> _EXTRACTED DATA_:
%%
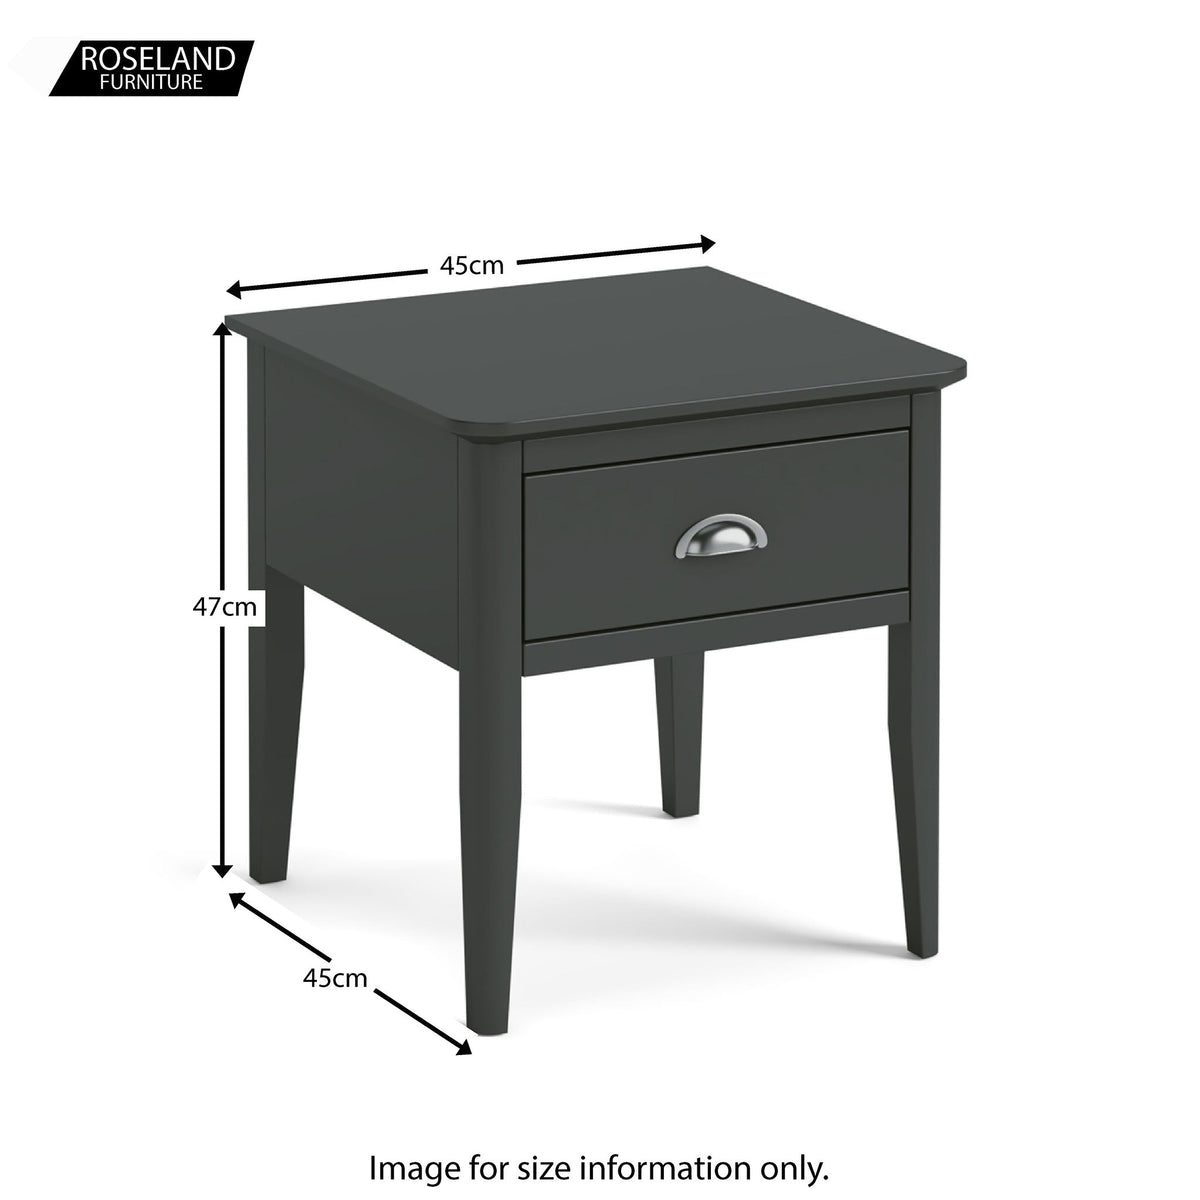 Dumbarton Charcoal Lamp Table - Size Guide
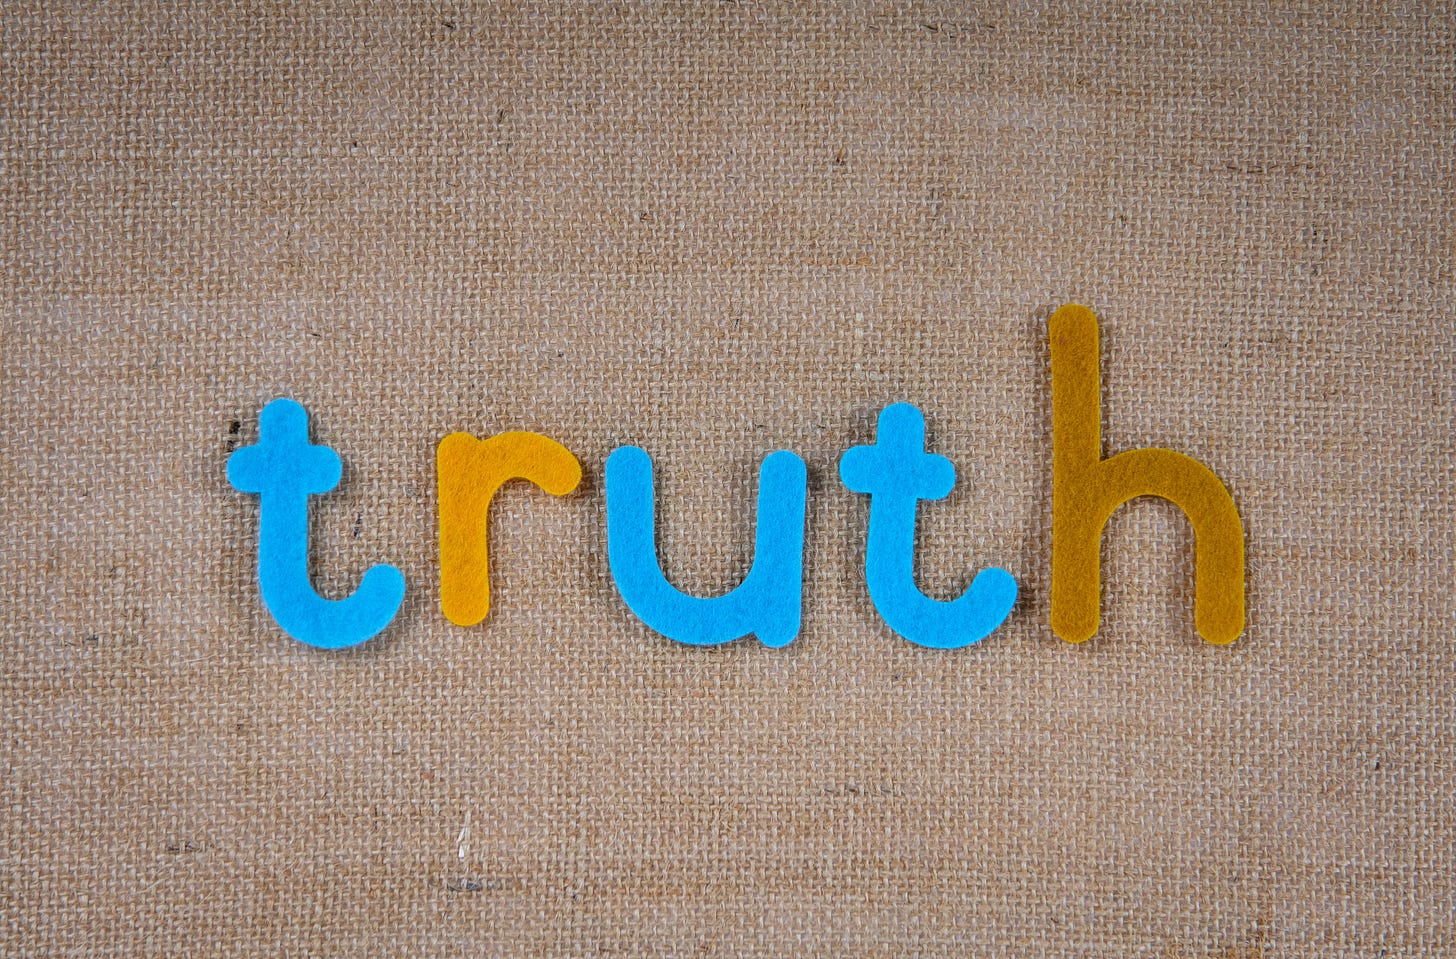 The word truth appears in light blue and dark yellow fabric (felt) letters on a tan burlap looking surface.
%%
%%
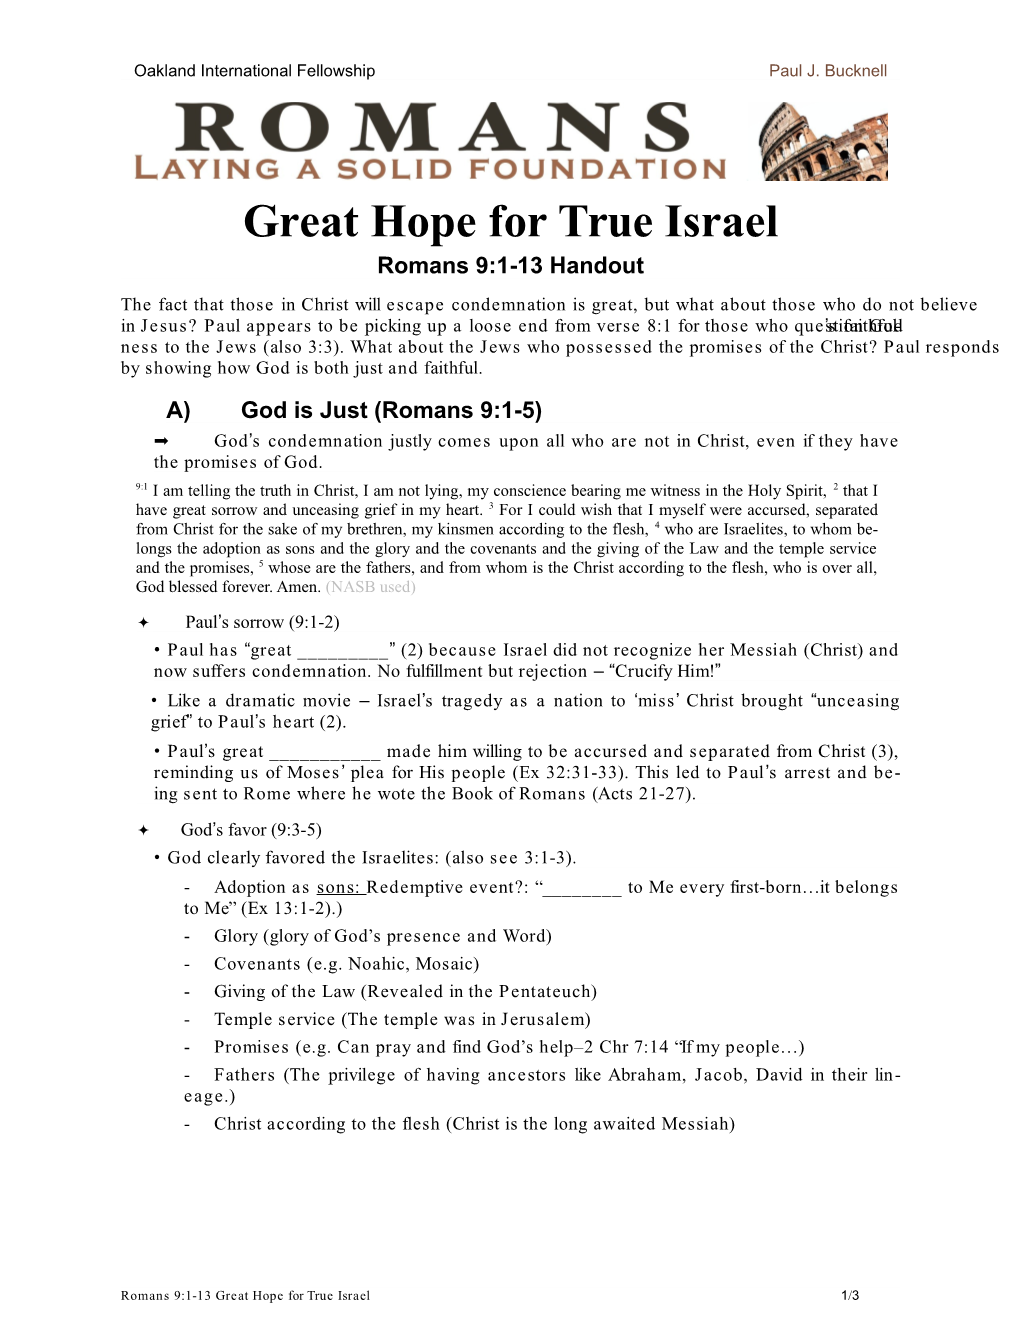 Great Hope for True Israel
%%
%%
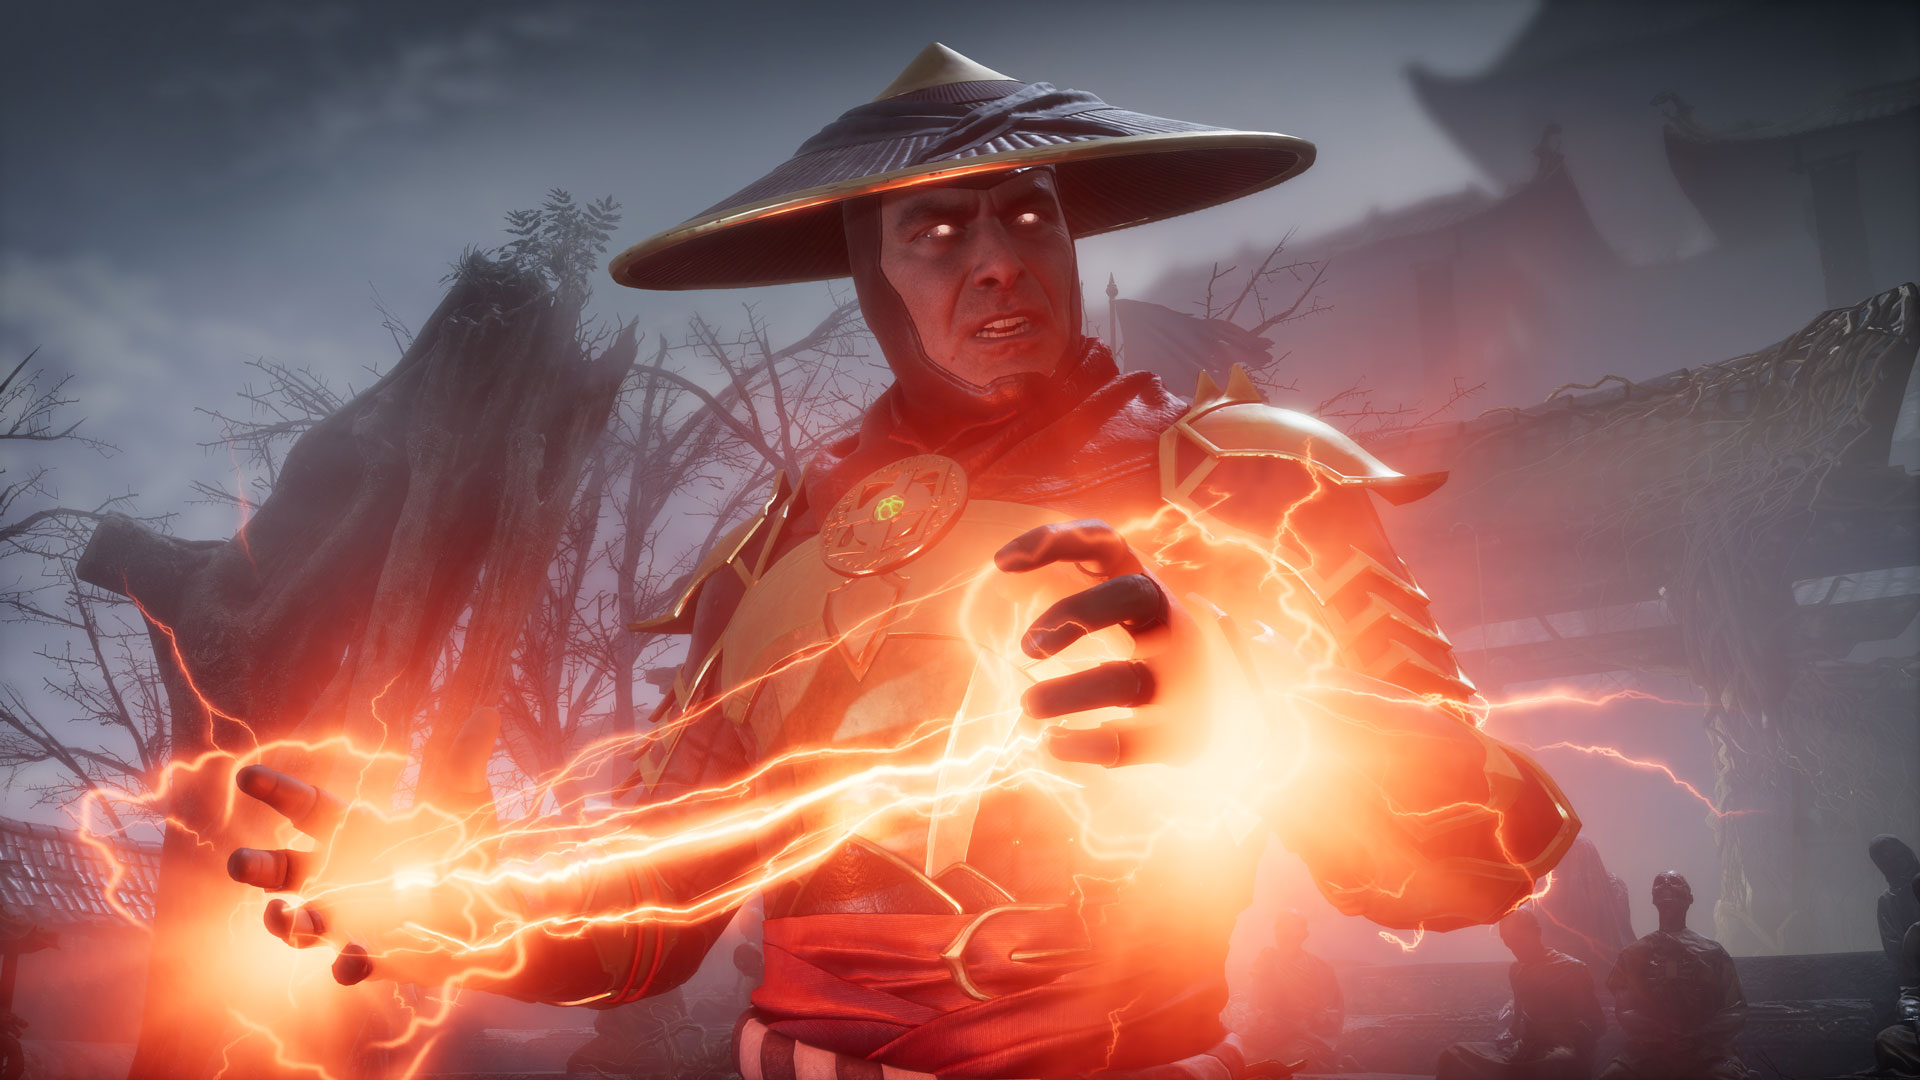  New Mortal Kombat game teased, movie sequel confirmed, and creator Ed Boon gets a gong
%%
> _INSTRUCTIONS TO FOLLOW_: Using the data above, output the line that has "Dumbarton Charcoal Lamp Table - Size Guide", the line that has "The word truth", and whatever lines fall between, each exactly as it stands and without pictures.

> _SOLUTION_:
 Dumbarton Charcoal Lamp Table - Size Guide
 The word truth appears in light blue and dark yellow fabric (felt) letters on a tan burlap looking surface.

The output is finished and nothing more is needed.